It may surprise you to learn that mechanism is a theory that all social phenomena can be explained by the existence of deterministic mechanism. It is the philosophical doctrine that human actions are ultimately determined by causes regarded as external to the will.
Some philosophers have taken determinism to imply that individual human beings have no free will and cannot be held morally responsible for their actions.
This in my opinion is a conclusion far surpassing the gears and apparatus of conventional social interaction. It is however illustrative of the wealth of philosophic rubbish surrounding the thesis. It is an ideal debating resolution, permitting as it does incalculable theorems impossible to affirm or deny contrived on multiple levels of dispute.
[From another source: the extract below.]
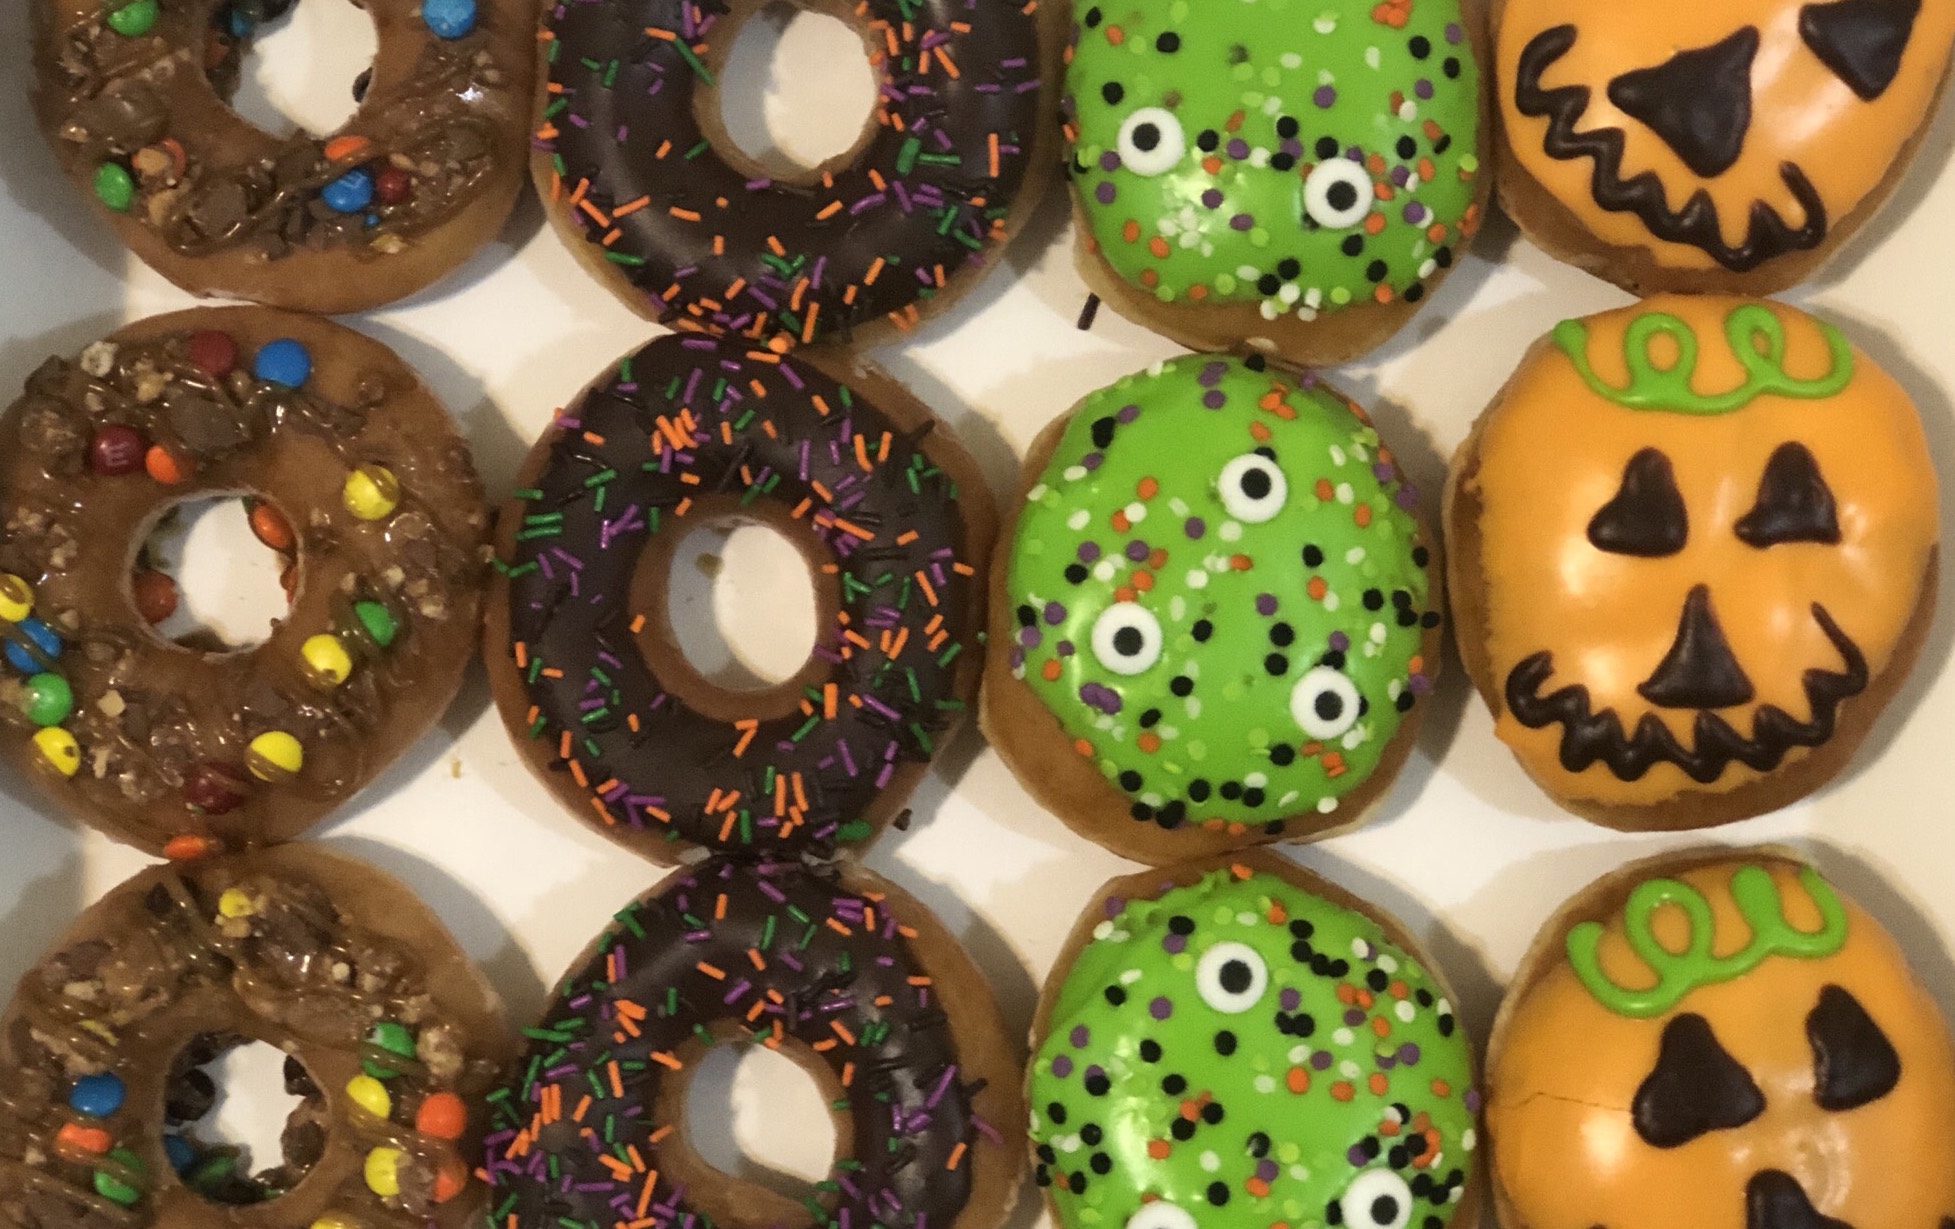 I Tried All Of Krispy Kreme's New Halloween Doughnuts And They're A

Nomological determinism is the most common form of causal determinism and is generally synonymous with physical determinism. This is the notion that the past and the present dictate the future entirely and necessarily by rigid natural laws and that every occurrence inevitably results from prior events.
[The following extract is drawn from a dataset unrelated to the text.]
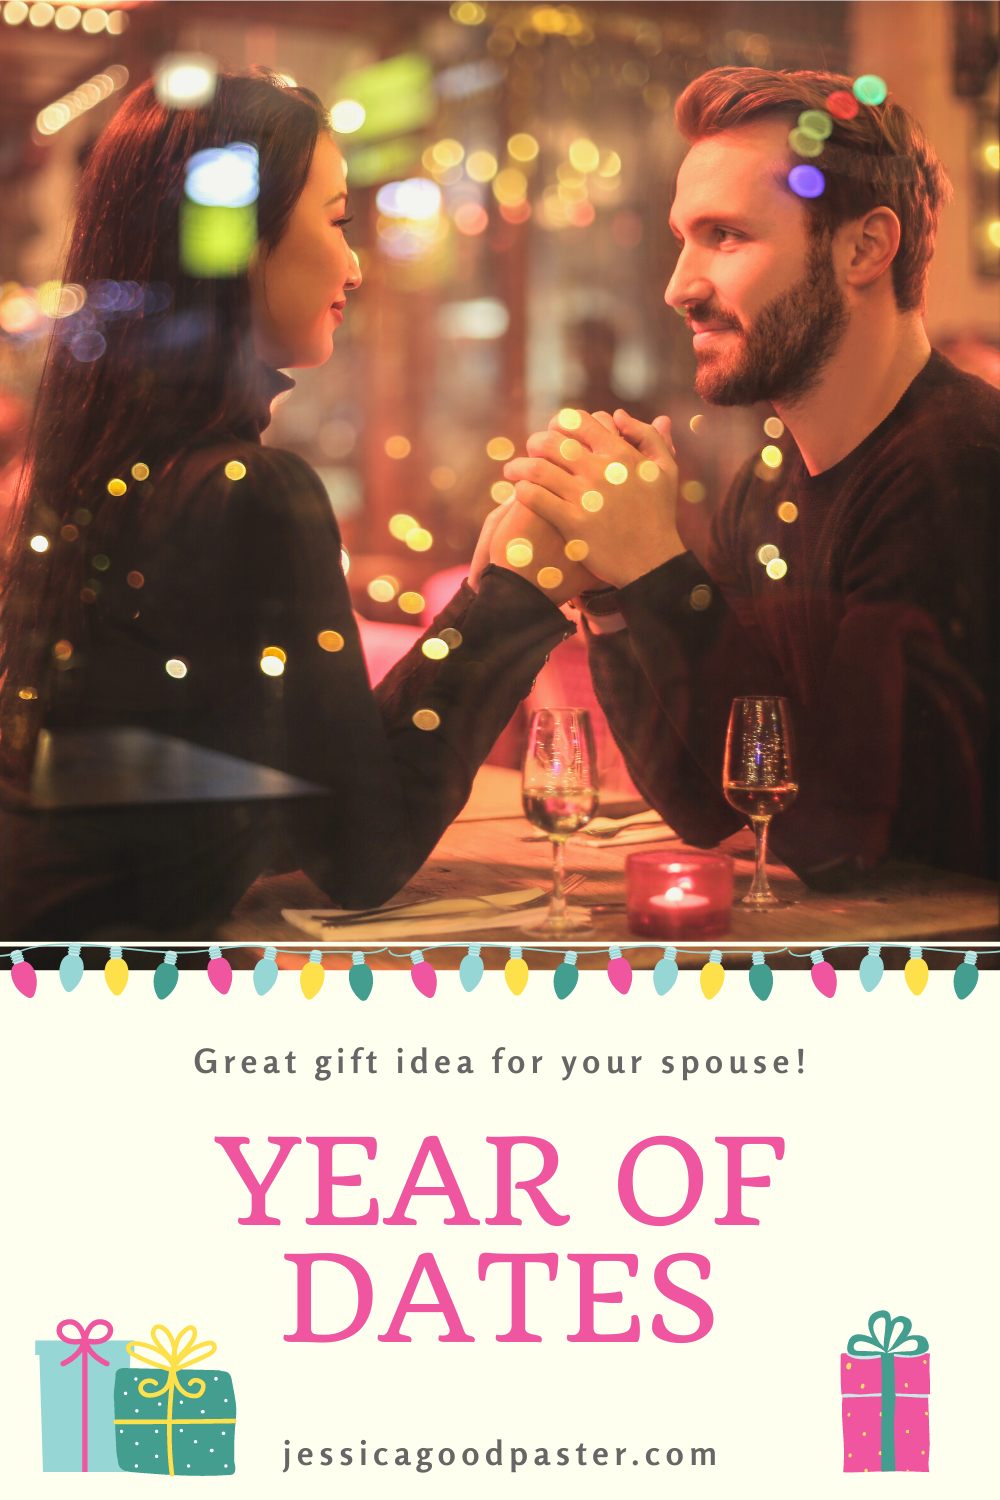 Make A Year of Dates the Best Gift Ever | Time together is the best way to celebrate your husband, wife, boyfriend, or girlfriend! A year of preplanned dates is the gift that keeps on giving. Includes 12 fun date night ideas for any budget. #datenight #dateideas #christmas #valentinesday #giftideas #yearofdates #anniversary

This latter proposition admittedly has a hint of appeal. Nonetheless I cling to the pretence that each of us has limitless capacity to control or “determine” the direction we shall pursue. Oddly enough it was this contemplation which arose during a social gathering we enjoyed last evening with another resident of our apartment building.
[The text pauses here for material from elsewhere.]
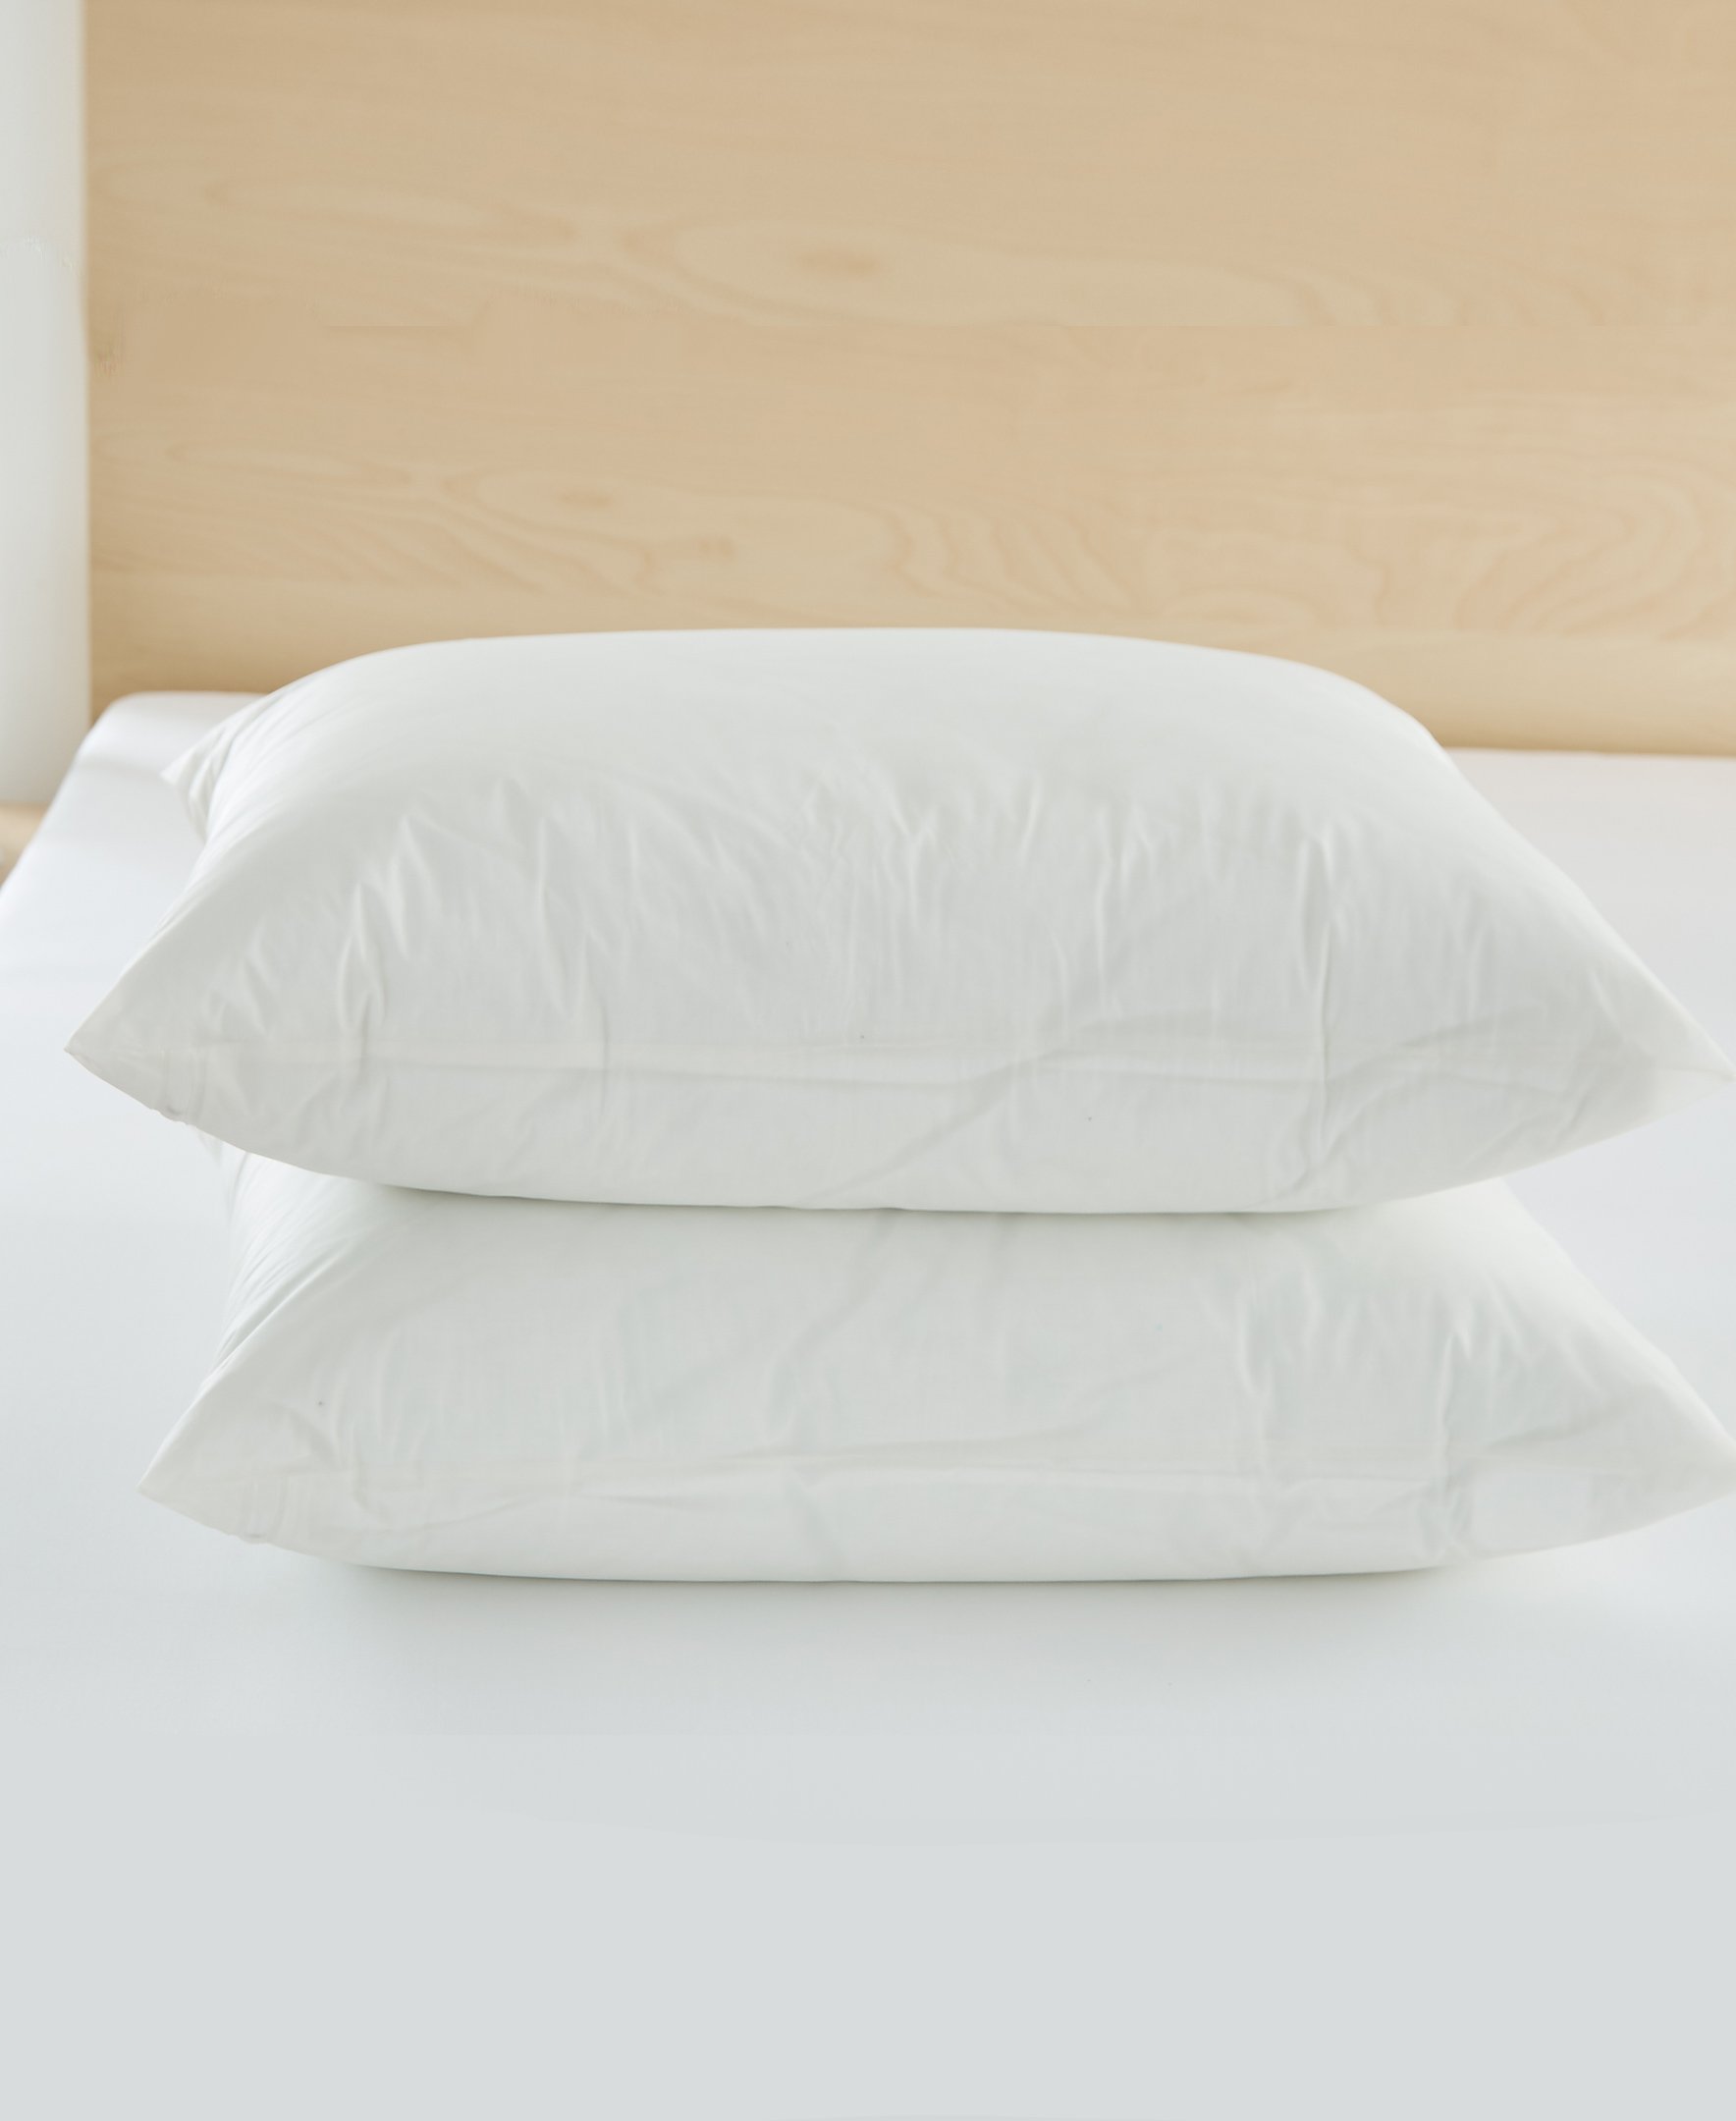 AllergyCare 100% Cotton Mattress Encasings and Covers

Based upon the terms of the invitation, the foregathering was putatively to enjoy a summer evening’s prospect of the nearby river and the intervening meadow. As it turned out the weather was not favourable, somewhat damp and drizzly, so we hadn’t the anticipated advantage of the setting sun glancing its yellow rays along the river’s path. While we lingered momentarily on the balcony overlooking the upriver domaine, we soon retired to the drawing room where ensued our further conversation.
Amusingly to me the conversation from beginning to end was replete with factual depth and intellectual prosperity. Not once did we lapse into the vernacular of either the weather or one’s health, both of which were patently irrelevant to the more gripping communication surrounding important events in our respective lives. It isn’t often that one is treated to the benefit of a stimulating dialogue. Whether the details rendered for our collective contemplation were sufficient to characterize the inevitable results is a matter of some interest only. In the meantime the components of one’s past do not fail to spread upon the whole a detectable film of colour.